Validation between steps

Treat each broker restart as a checkpoint. Between steps, verify the cluster is genuinely healthy rather than just “process running”:

# Confirm the live broker count matches your cluster size
kafka-broker-api-versions.sh --bootstrap-server localhost:9092 | grep -c "id:"

# Check no partitions are offline
kafka-topics.sh --bootstrap-server localhost:9092 --describe --unavailable-partitions

Watch the kafka.server:type=ReplicaManager,name=UnderReplicatedPartitions and OfflinePartitionsCount JMX metrics throughout — both should return to zero after each restart. Also keep an eye on consumer group lag so you can catch a stalled consumer group early instead of after the whole cluster is upgraded.

Step-by-step checklist

[ ] 1. Read the release notes for breaking changes between your versions.
[ ] 2. Back up server.properties and confirm a working disaster-recovery path.
[ ] 3. Pin inter.broker.protocol.version (and log.message.format.version) to the CURRENT version.
[ ] 4. Rolling restart broker-by-broker onto the new binary; wait for 0 under-replicated partitions each time.
[ ] 5. Verify cluster health: all brokers online, no offline/unavailable partitions, lag stable.
[ ] 6. Raise inter.broker.protocol.version to the NEW version in config.
[ ] 7. Rolling restart broker-by-broker again to apply the new protocol.
[ ] 8. (KRaft) Upgrade the metadata version with kafka-features.sh once stable.
[ ] 9. Upgrade client applications at your own pace.

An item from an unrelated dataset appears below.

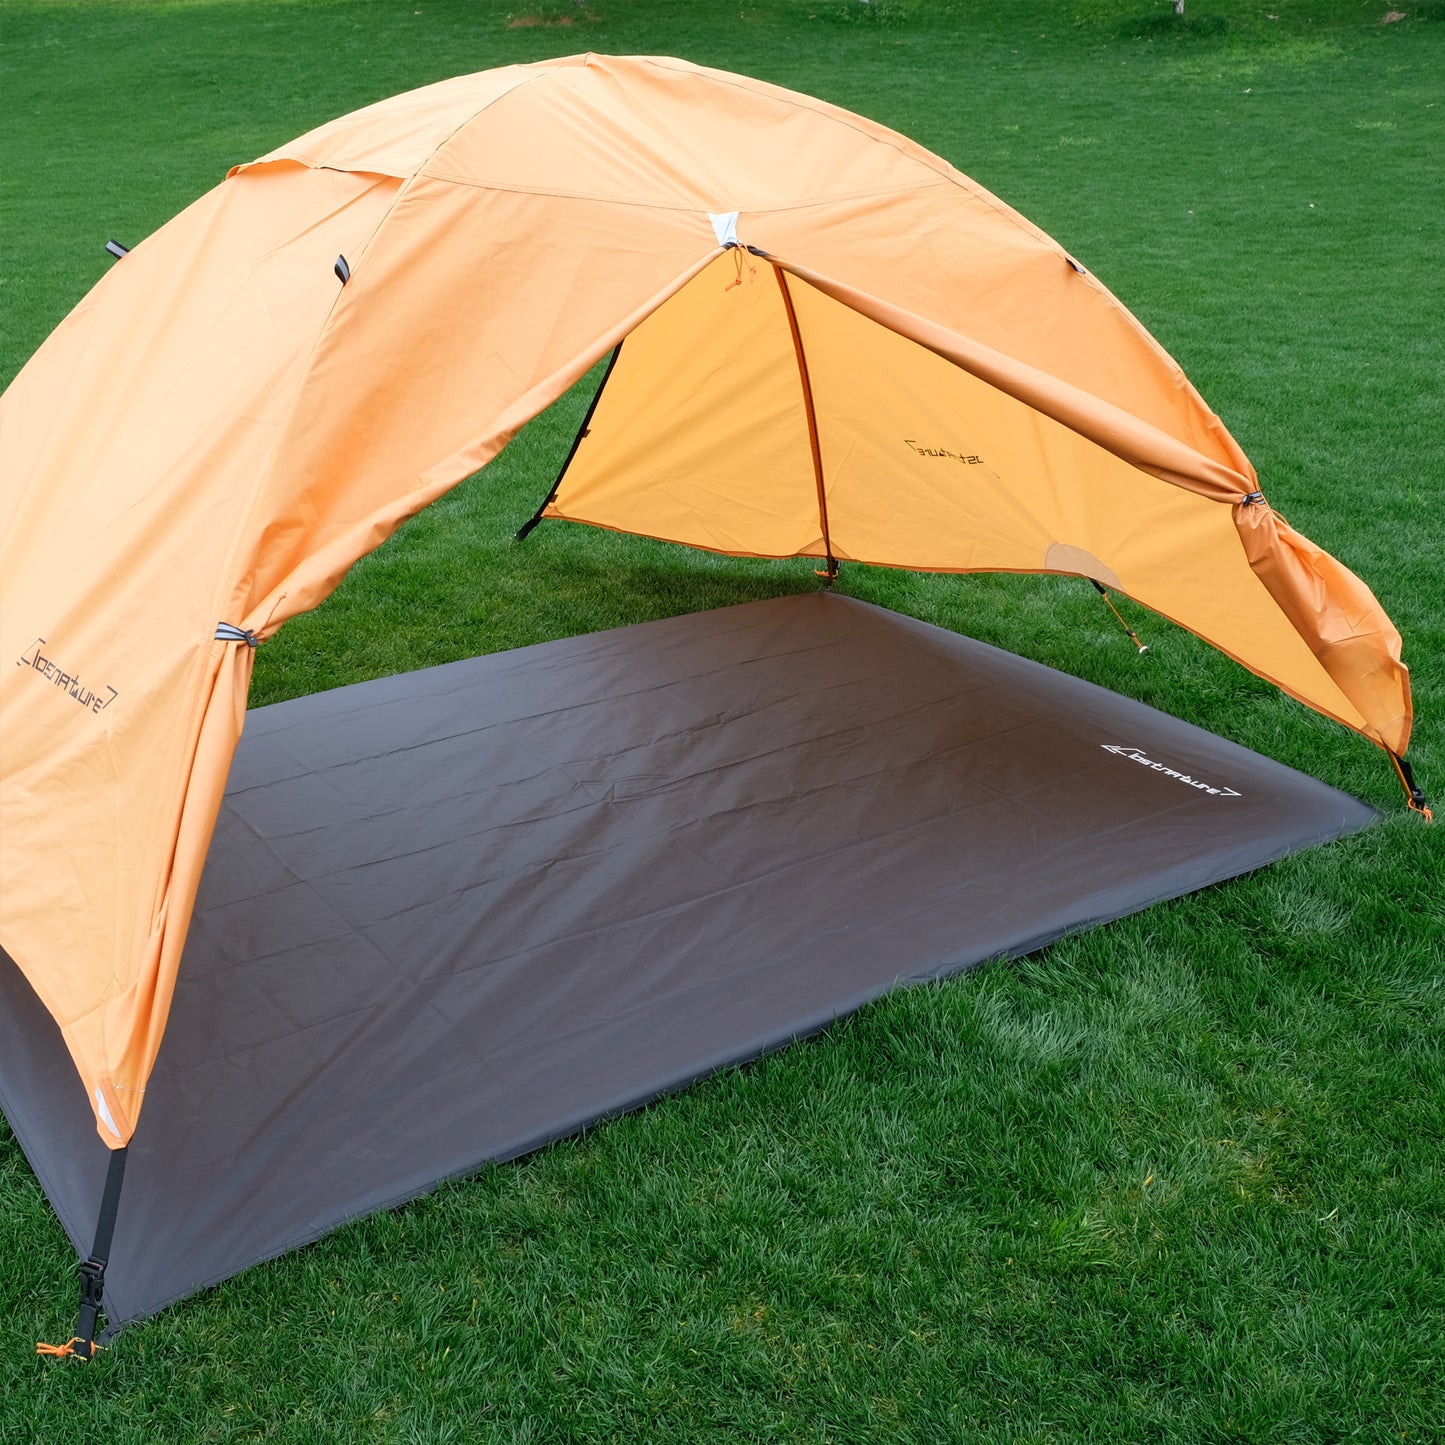 Clostnature 3-Person Tent Footprint - Waterproof Camping Tarp, Ultralight Ground Sheet Mat for Hiking, Backpacking, Hammock, Beach - Storage Bag Included

For KRaft clusters, step 8 finalizes new features:

kafka-features.sh --bootstrap-server localhost:9092 \
  upgrade --metadata 3.8

Best Practices

Always perform the upgrade in two phases: swap binaries with the old protocol pinned, then raise the protocol in a second rolling restart.
Restart exactly one broker at a time and block on zero under-replicated partitions before continuing — never batch restarts.
Use controlled shutdown (kafka-server-stop.sh) so leadership migrates cleanly instead of being abruptly lost.
Upgrade brokers before clients; rely on Kafka’s compatibility guarantees rather than coordinating a flag-day deployment.
Read the version-specific upgrade notes — some releases change defaults or require an explicit metadata/feature upgrade step.
Drive the process from concrete health signals (under-replicated and offline partition metrics, consumer lag), not just “the process started”.
Practice the full procedure in staging first so the production rollout is muscle memory, not improvisation.